_DATASET RECORDS_.
————————

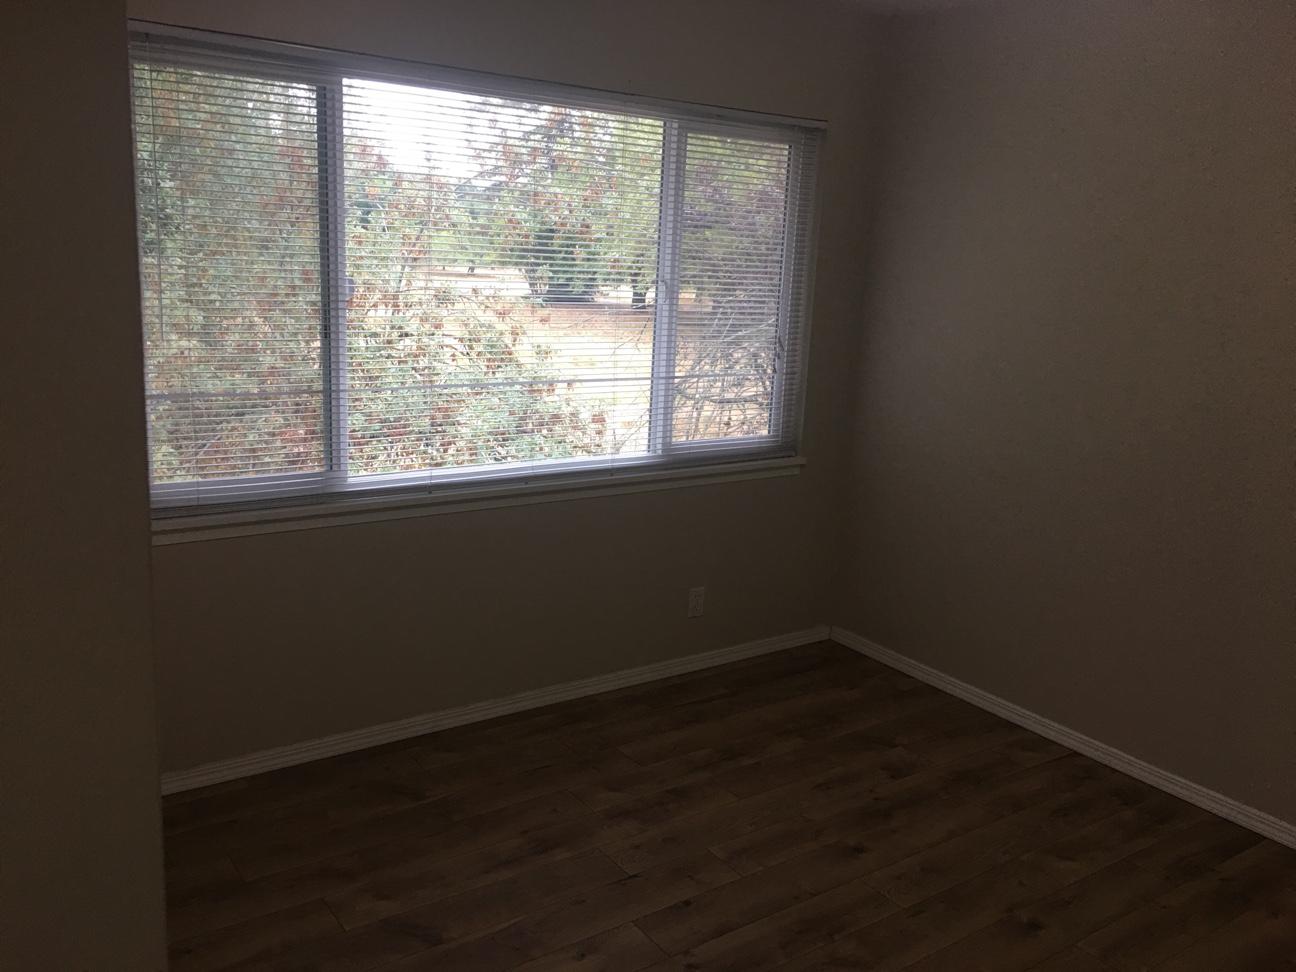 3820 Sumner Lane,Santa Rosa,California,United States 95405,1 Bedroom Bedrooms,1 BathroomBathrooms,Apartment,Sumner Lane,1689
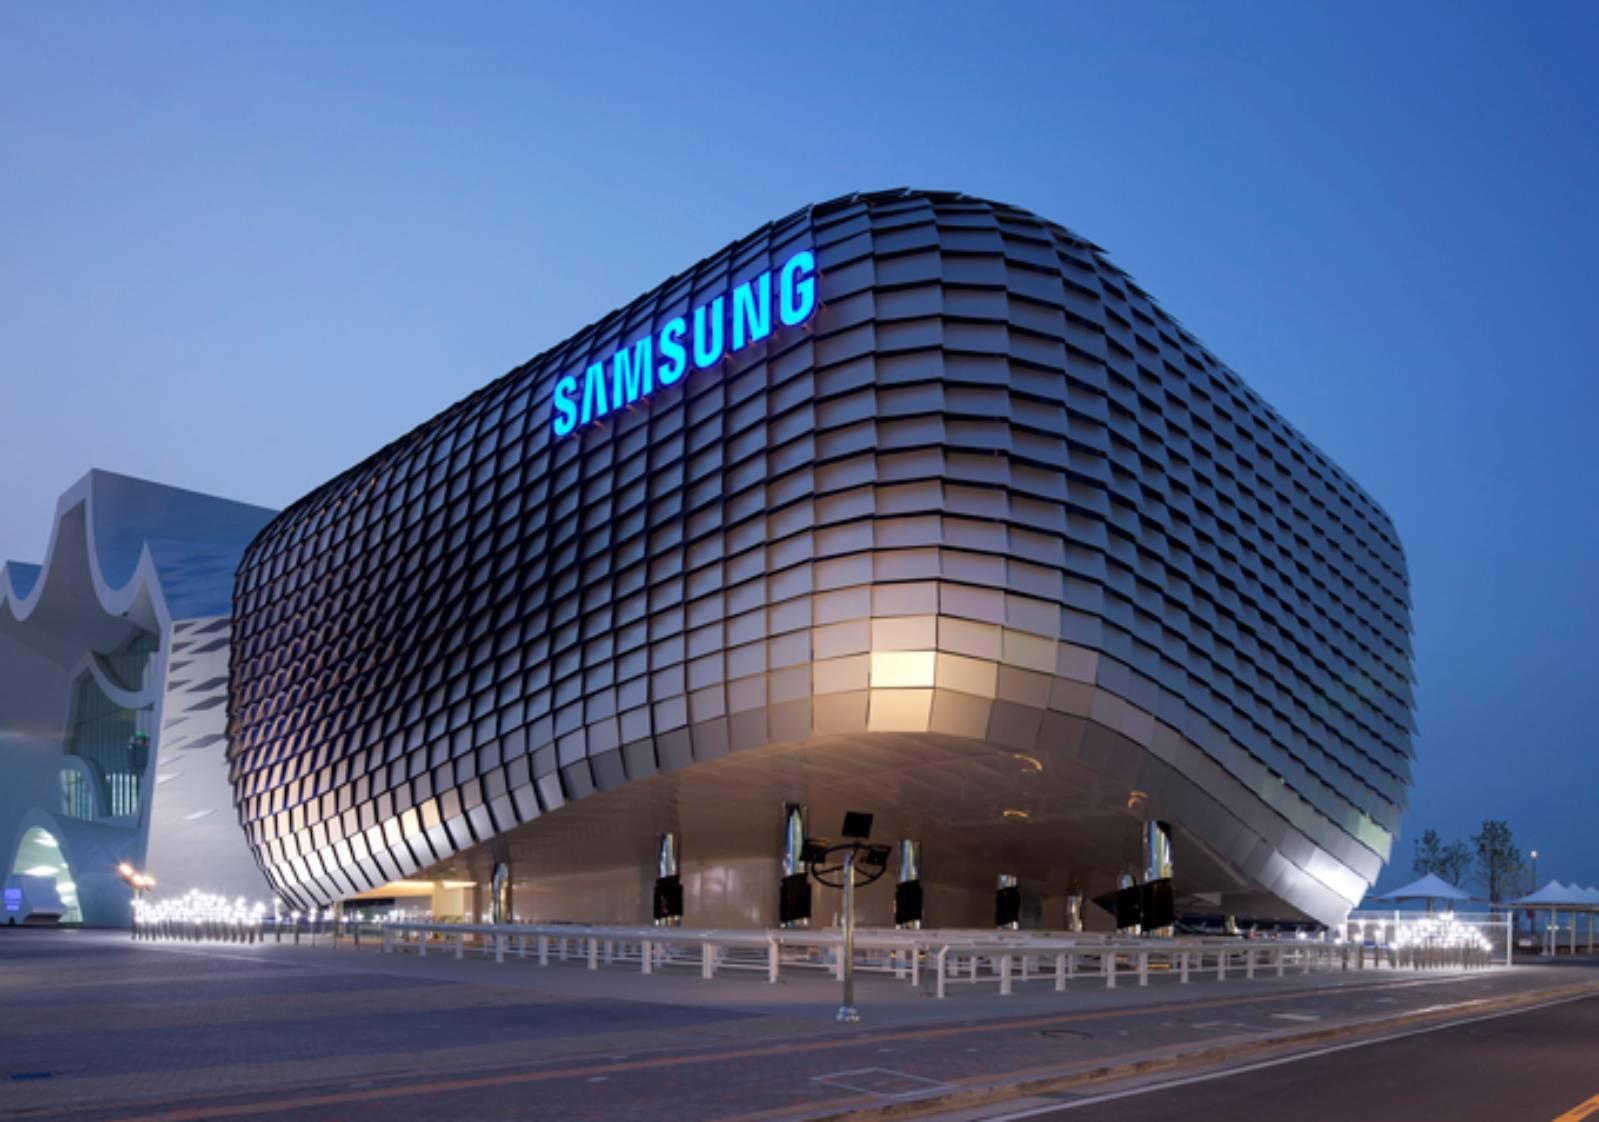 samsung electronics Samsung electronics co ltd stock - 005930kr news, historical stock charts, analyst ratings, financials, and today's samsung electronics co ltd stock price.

————————

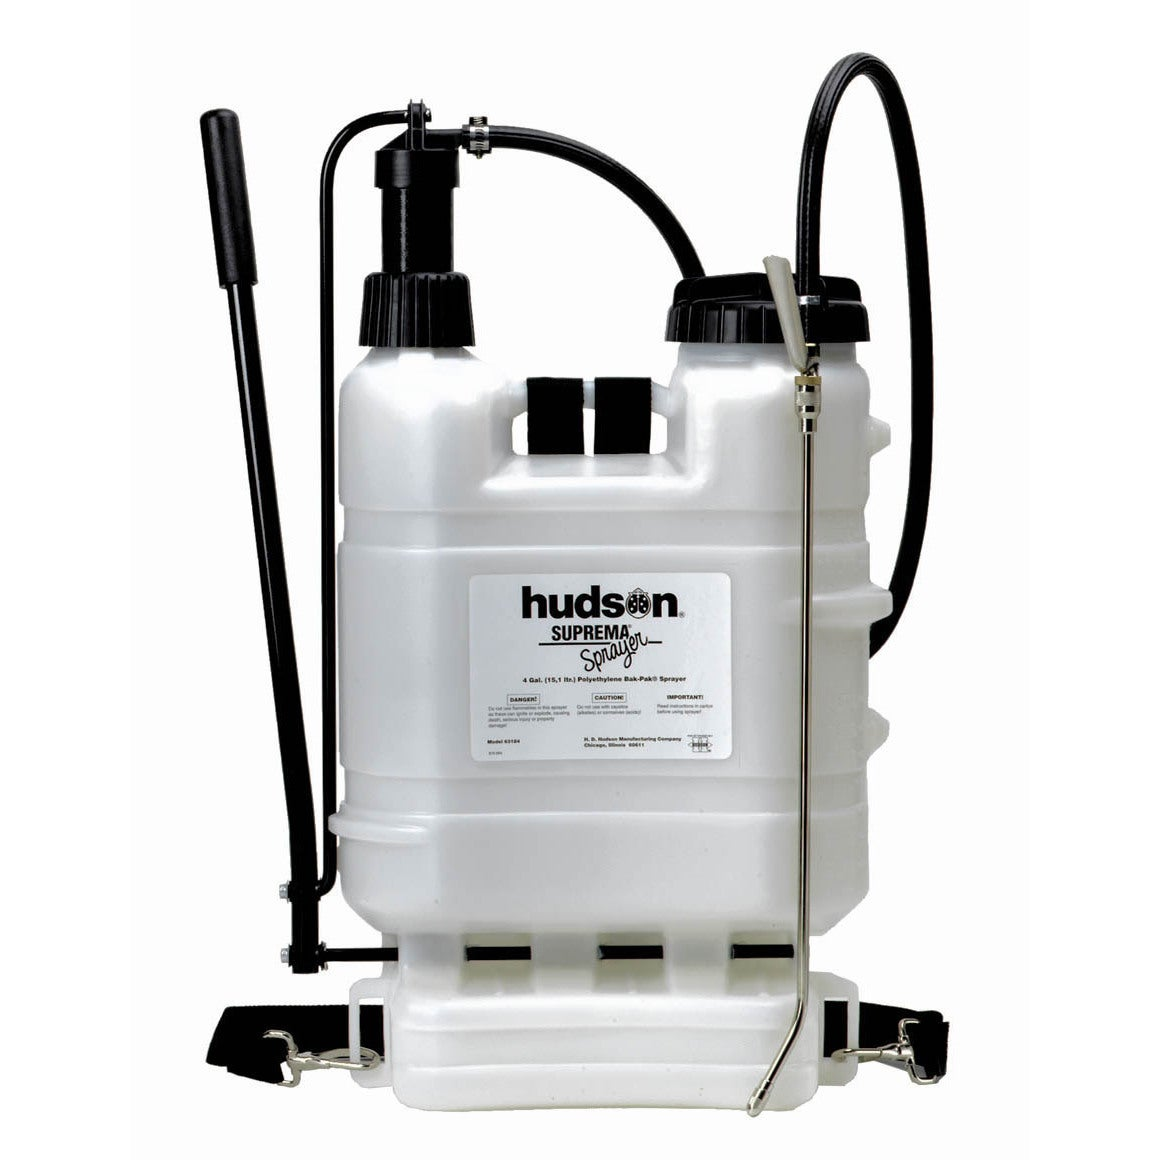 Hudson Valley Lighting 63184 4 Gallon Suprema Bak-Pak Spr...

————————

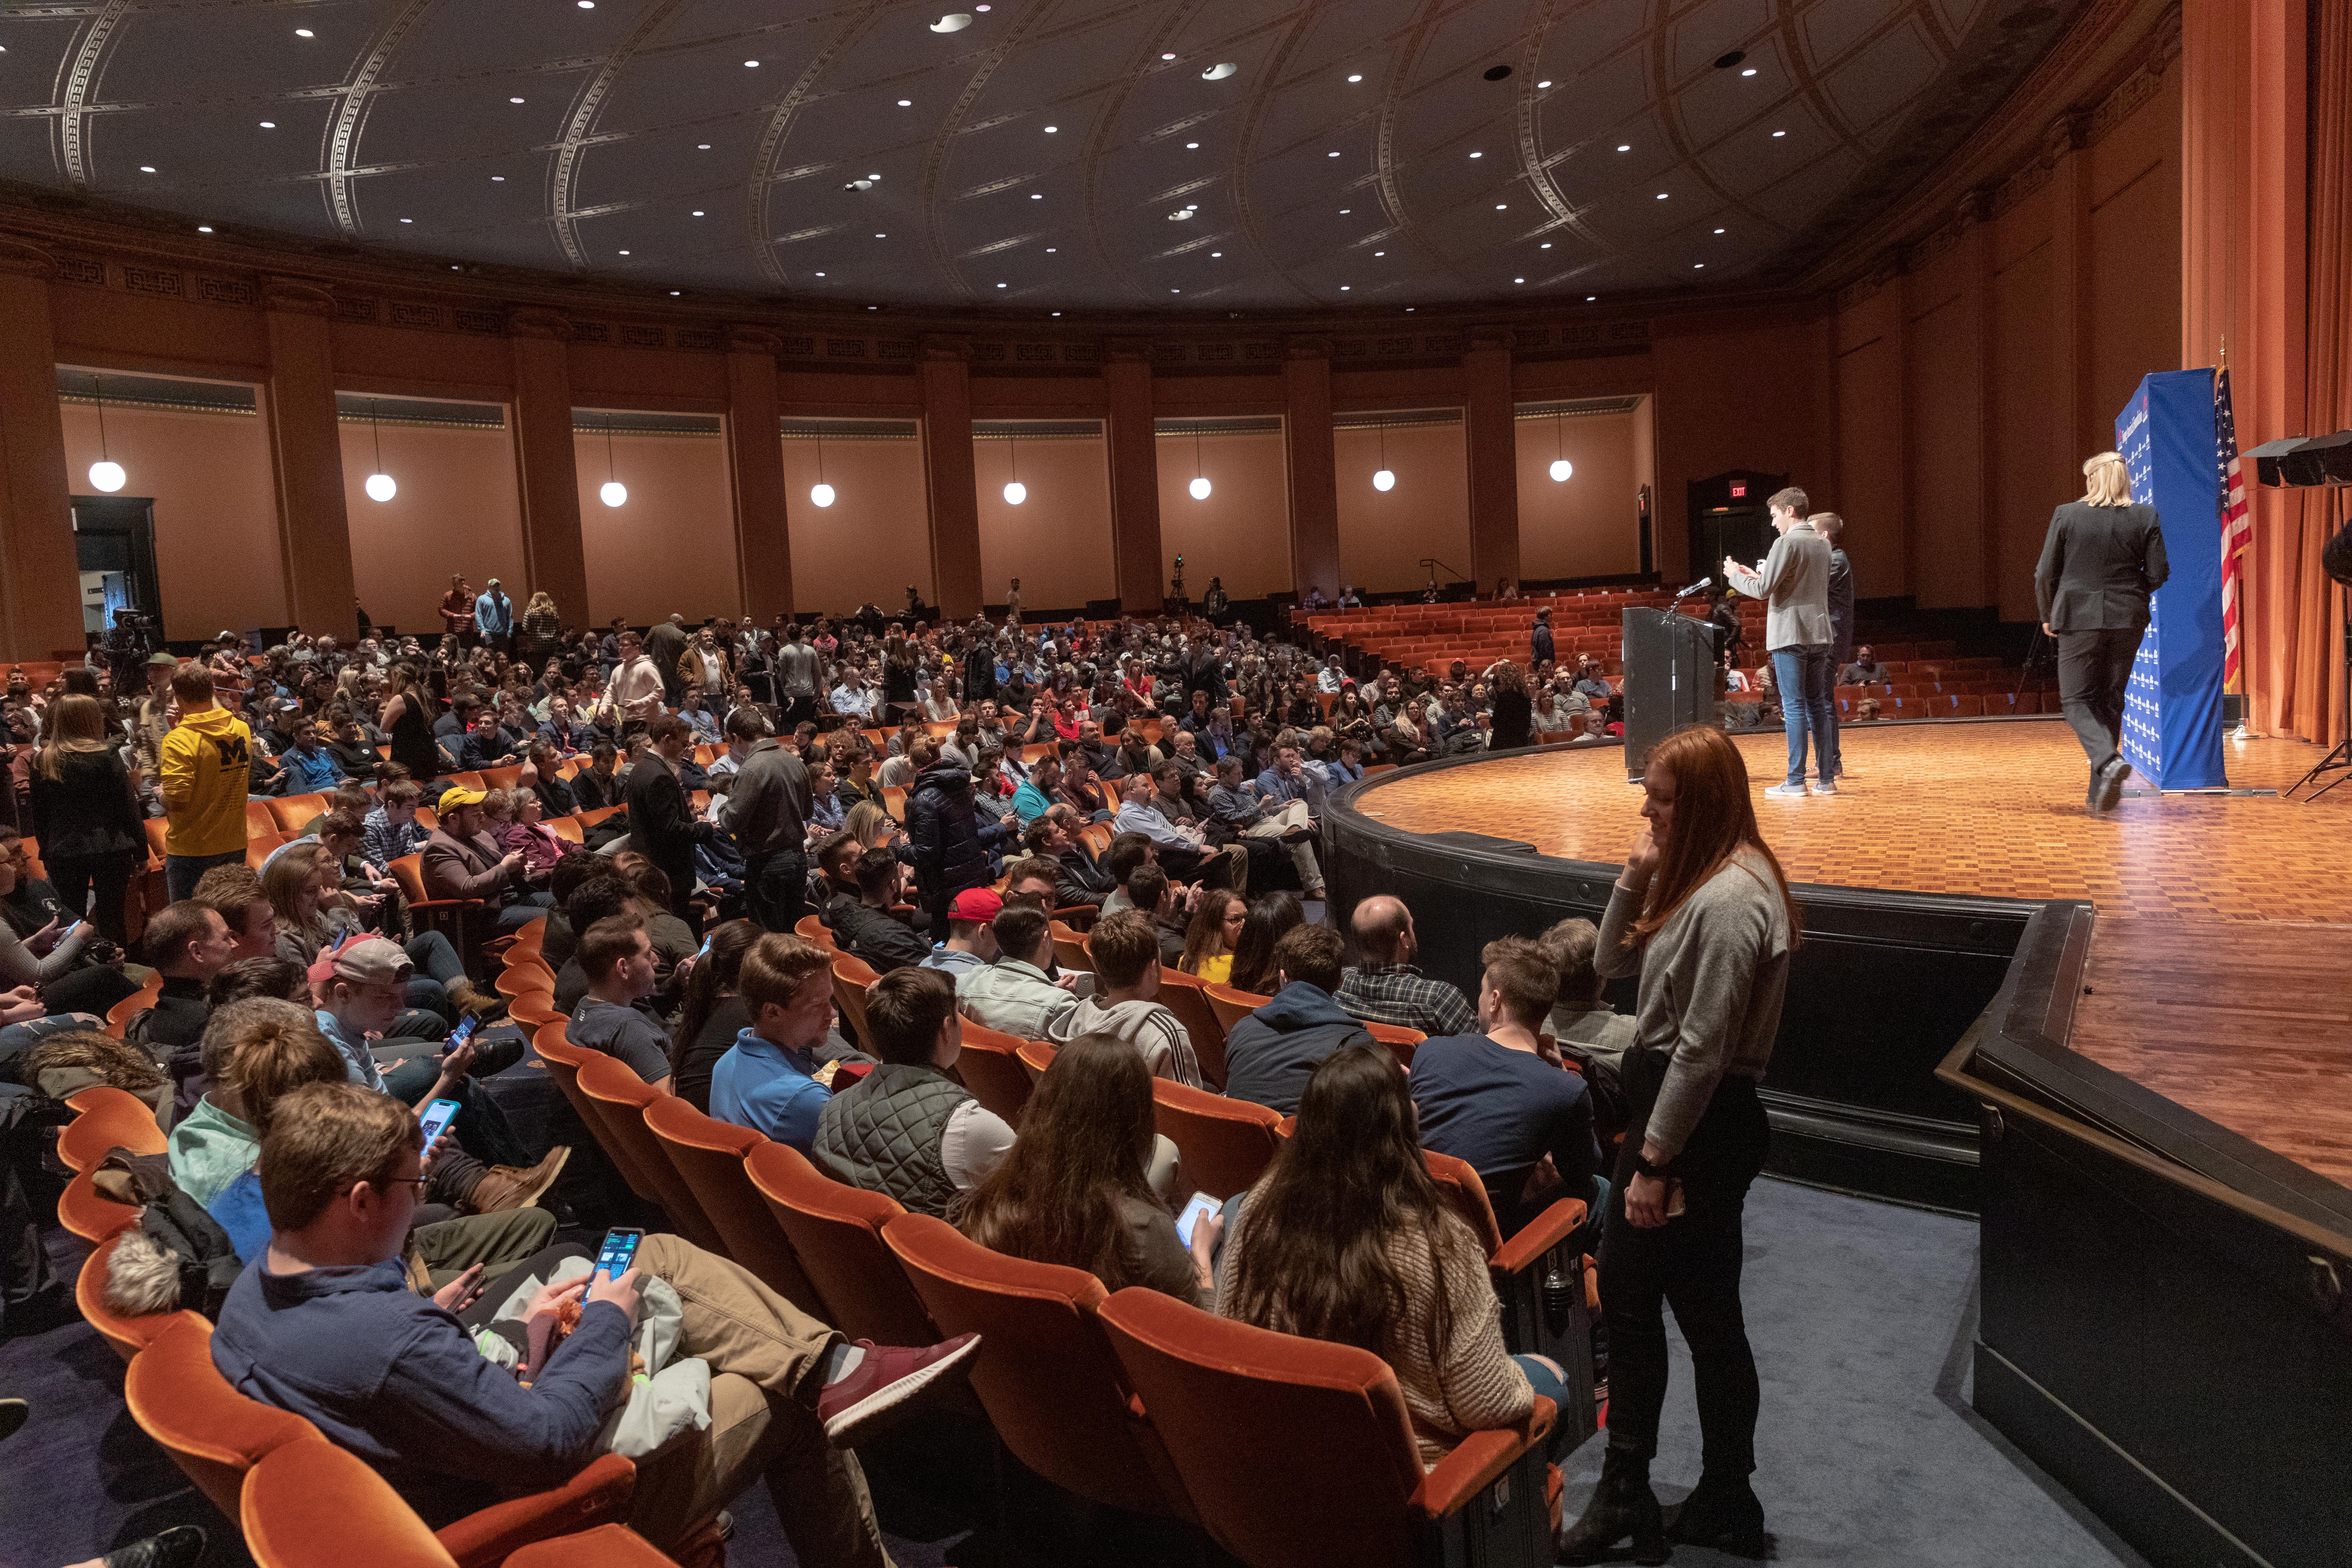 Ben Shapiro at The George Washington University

————————

_TASK DIRECTIONS_.
Using the entries above, repeat exactly the lines from the one with "3820 Sumner Lane,Santa" to the one with "samsung electronics Samsung", both included, and leave the pictures behind.

_TASK ANSWER_.
 3820 Sumner Lane,Santa Rosa,California,United States 95405,1 Bedroom Bedrooms,1 BathroomBathrooms,Apartment,Sumner Lane,1689
 samsung electronics Samsung electronics co ltd stock - 005930kr news, historical stock charts, analyst ratings, financials, and today's samsung electronics co ltd stock price.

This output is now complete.